Couwenhoven R I, Snead M L
Center for Craniofacial Molecular Biology, University of Southern California School of Dentistry, Los Angeles 90033.
Dev Biol. 1994 Jul;164(1):290-9. doi: 10.1006/dbio.1994.1199.
The expression of tissue-specific enamel matrix genes is believed to require both instructive and permissive interactions of enamel organ epithelium with dental papilla mesenchyme and/or extracellular matrix during a restricted period of development. Biosynthesis of amelogenin gene products has been found to be associated with the terminal differentiation of inner enamel organ epithelium. The developing mouse first mandibular molar was used for a detailed examination of the temporal initiation and developmental pattern of amelogenin transcription. These studies define temporally instructive versus permissive influences on amelogenin transcription. During in vivo development, amelogenin transcripts were detected in late cap (15 days in utero; E15) through bell stage (E16 through E19) mouse molar tooth formation utilizing reverse transcription coupled to polymerase chain reaction amplification. Alternatively spliced amelogenin transcripts were detected in late bell stage (E18) molars. Amelogenin transcripts were also detected in isolated late cap stage (E15) enamel organ epithelium dissected free of dental papilla mesenchyme and cultured within a substitute basement membrane gel, but not in identical cap stage enamel organ epithelium cultured on plastic or a laminin-coated filter. Amelogenin transcripts were also found in early cap stage (E14) isolated enamel organ epithelium cultured within a basement membrane gel, but were not detected in enamel organ epithelium isolated from earlier stages of odontogenesis and cultured within a basement membrane gel. The results of these experiments indicate that a basement membrane gel is a useful extracellular substrate which provides permissive interactions required for the expression of amelogenin transcripts by enamel organ epithelium and that instructive interactions which determine enamel organ epithelium to become committed to amelogenin transcription occur prior to the early cap stage (E14) of odontogenesis. The results also suggest that continued interactions of enamel organ epithelium with dental papilla mesenchyme serve to regulate amelogenin transcription and post-transcriptional amelogenin RNA splicing in a complex manner during odontogenesis.

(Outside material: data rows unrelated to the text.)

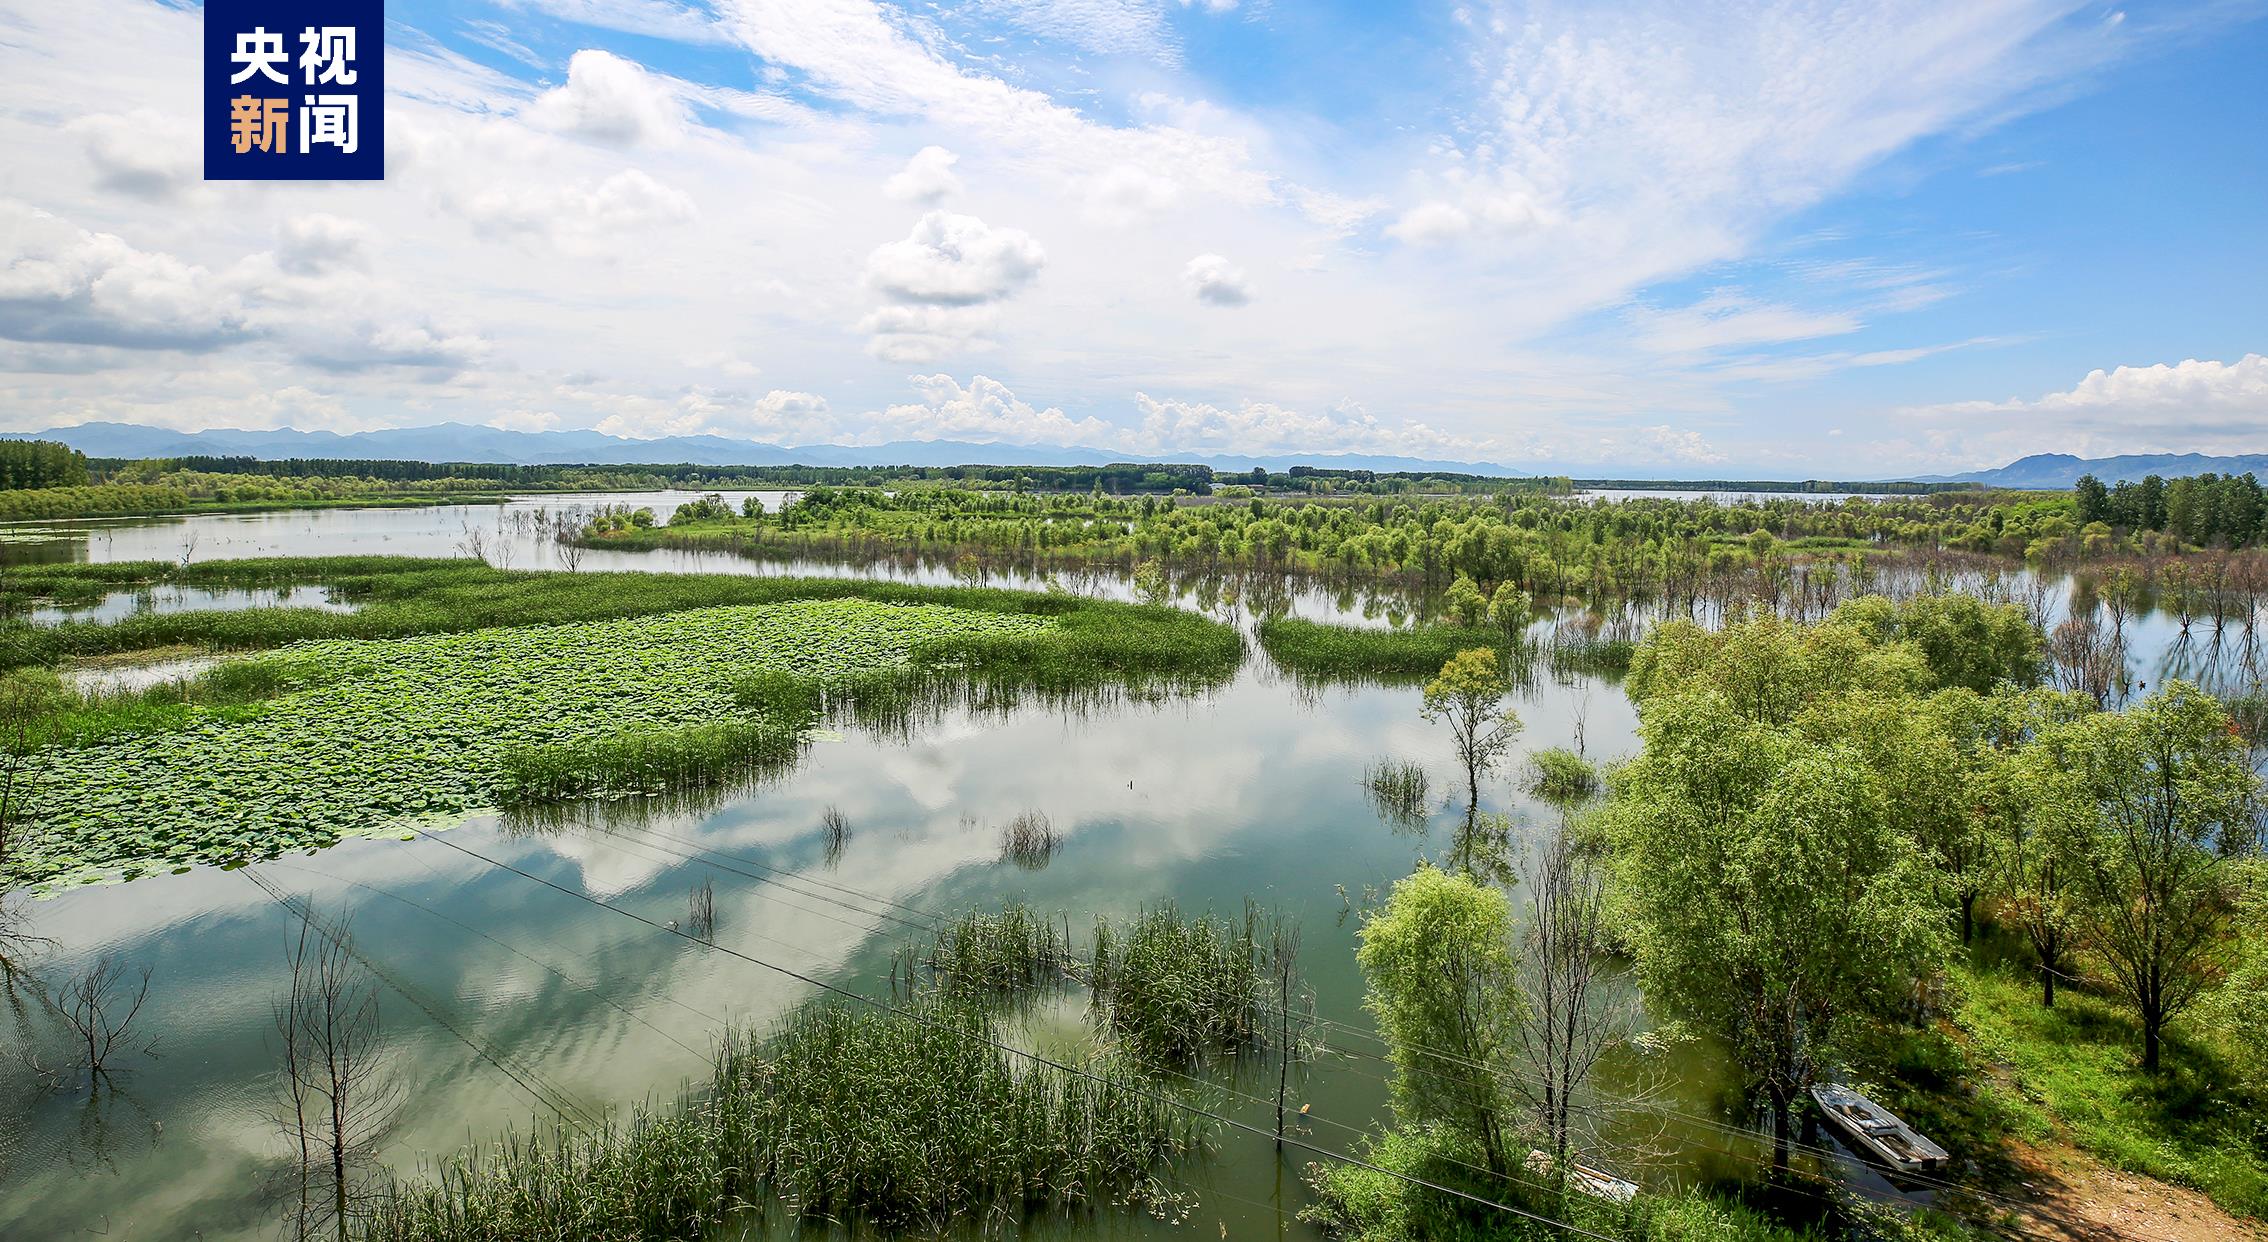 北京延庆野鸭湖湿地成功入选《国际重要湿地名录》
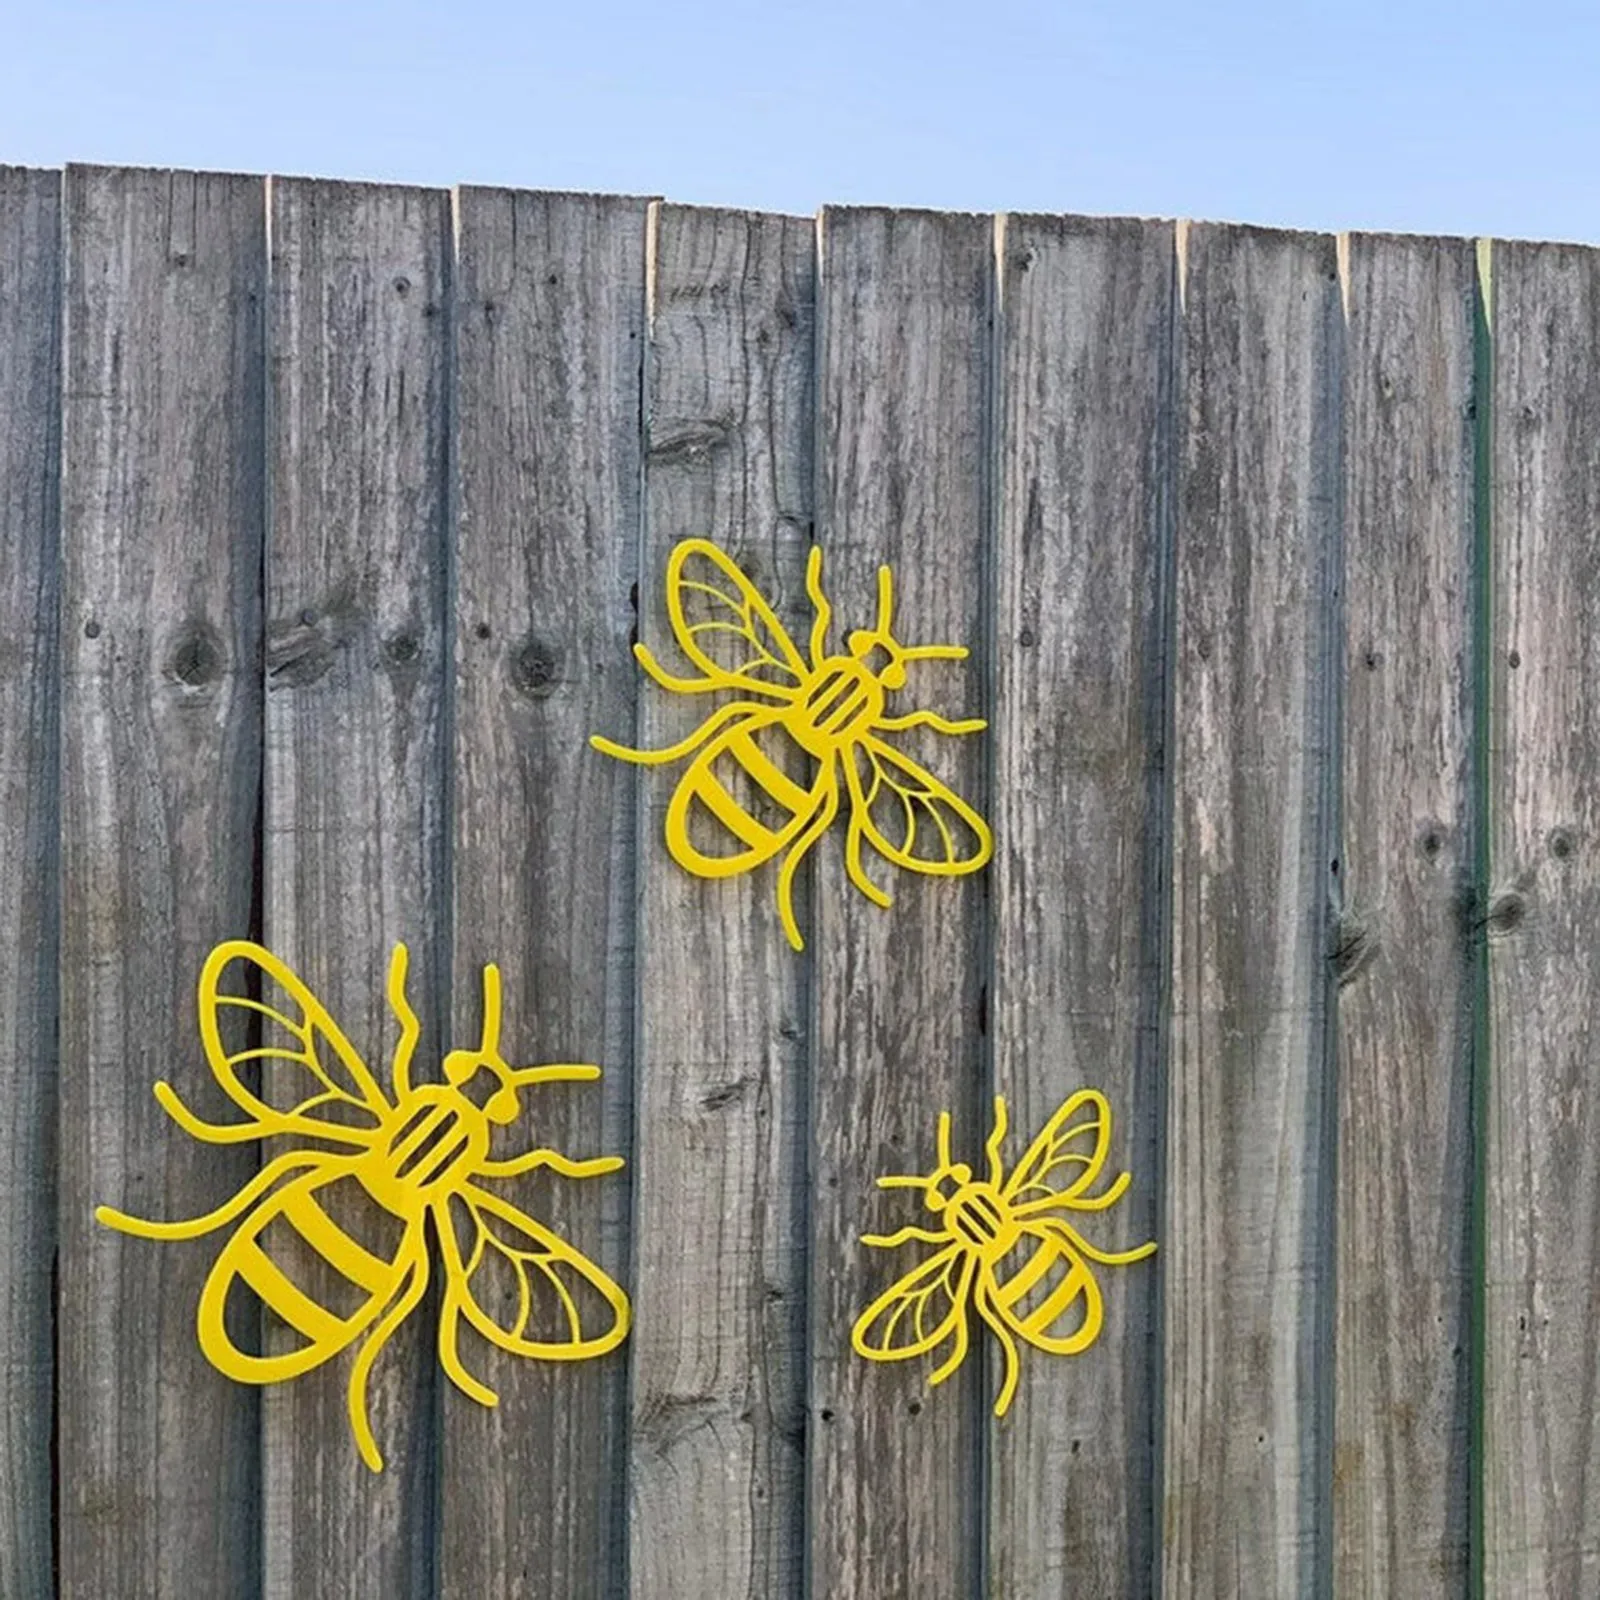 

3 шт./компл. креативное украшение для сада в виде пчелы, статуи насекомых, стиль сельской местности, акриловая искусственная наклейка с знако...
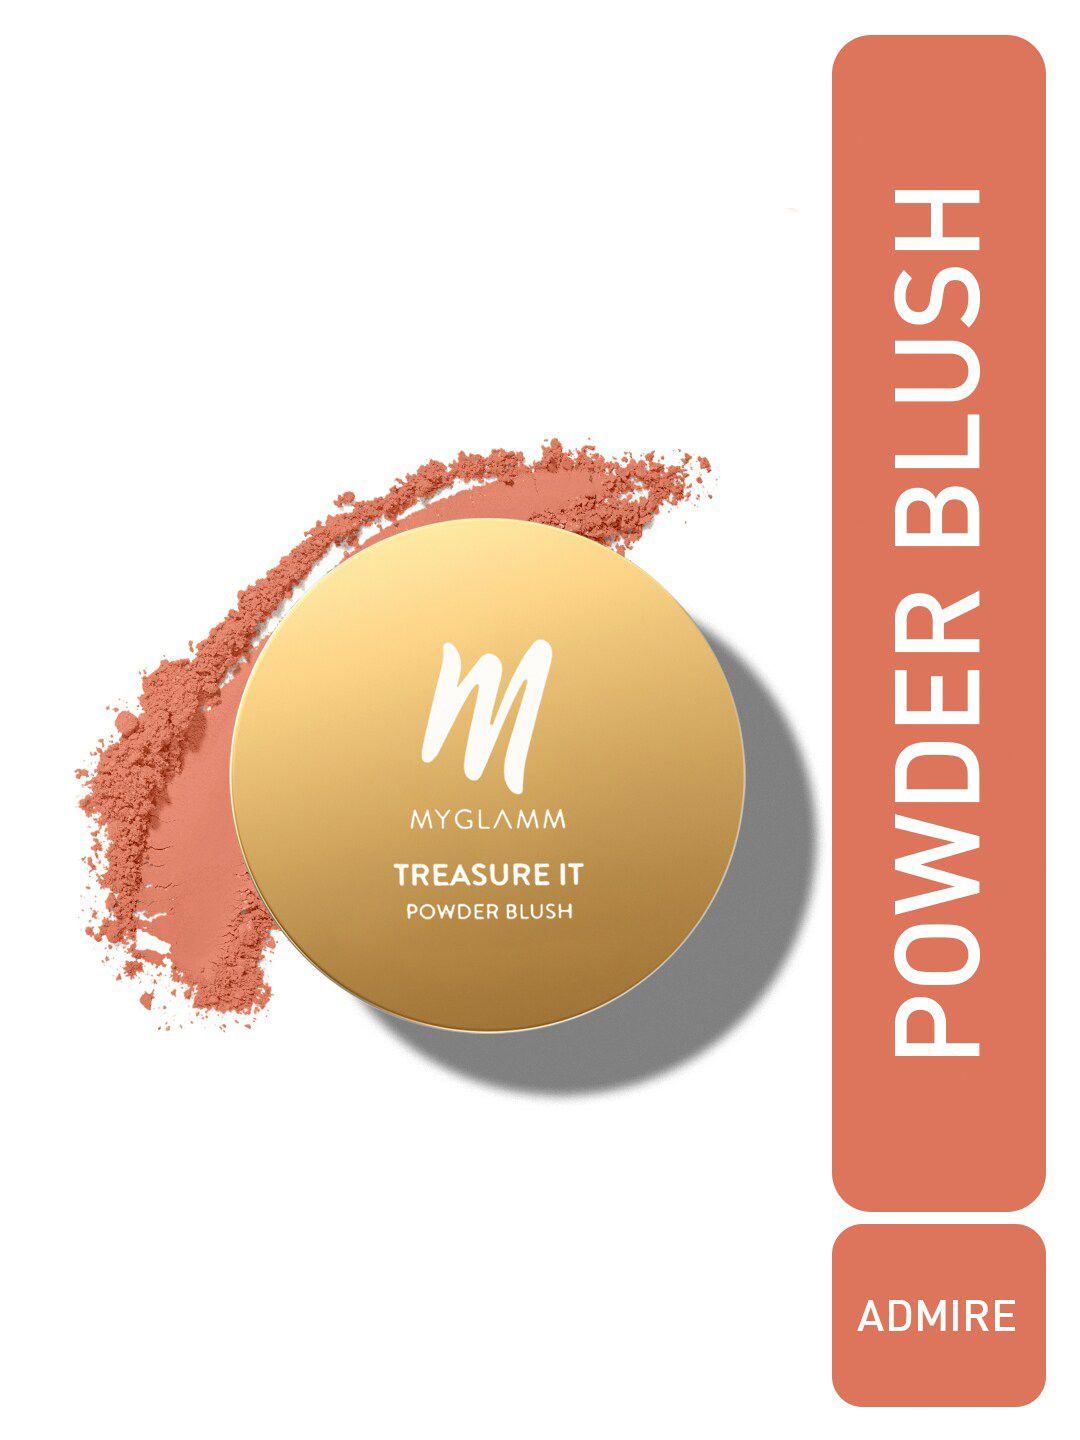 myglamm-treasure-it-powder-matte-blush---4g---admire

组织特异性釉基质基因的表达被认为在发育的特定时期需要釉器上皮与牙乳头间充质和/或细胞外基质之间的诱导性和允许性相互作用。已发现釉原蛋白基因产物的生物合成与内釉器上皮的终末分化有关。发育中的小鼠第一下颌磨牙被用于详细研究釉原蛋白转录的时间起始和发育模式。这些研究确定了对釉原蛋白转录的时间诱导性和允许性影响。在体内发育过程中,利用逆转录-聚合酶链反应扩增技术,在帽状晚期(子宫内15天;E15)至钟状期(E16至E19)的小鼠磨牙形成过程中检测到了釉原蛋白转录本。在钟状晚期(E18)磨牙中检测到了选择性剪接的釉原蛋白转录本。在分离的帽状晚期(E15)釉器上皮中也检测到了釉原蛋白转录本,该上皮已从牙乳头间充质中分离出来,并在替代基底膜凝胶中培养,但在塑料或层粘连蛋白包被的滤膜上培养的相同帽状期釉器上皮中未检测到。在基底膜凝胶中培养的帽状早期(E14)分离的釉器上皮中也发现了釉原蛋白转录本,但在牙胚发生早期阶段分离并在基底膜凝胶中培养的釉器上皮中未检测到。这些实验结果表明,基底膜凝胶是一种有用的细胞外基质,它提供了釉器上皮表达釉原蛋白转录本所需的允许性相互作用,并且决定釉器上皮致力于釉原蛋白转录的诱导性相互作用发生在牙胚发生的帽状早期(E14)之前。结果还表明,在牙胚发生过程中,釉器上皮与牙乳头间充质的持续相互作用以复杂的方式调节釉原蛋白转录和转录后釉原蛋白RNA剪接。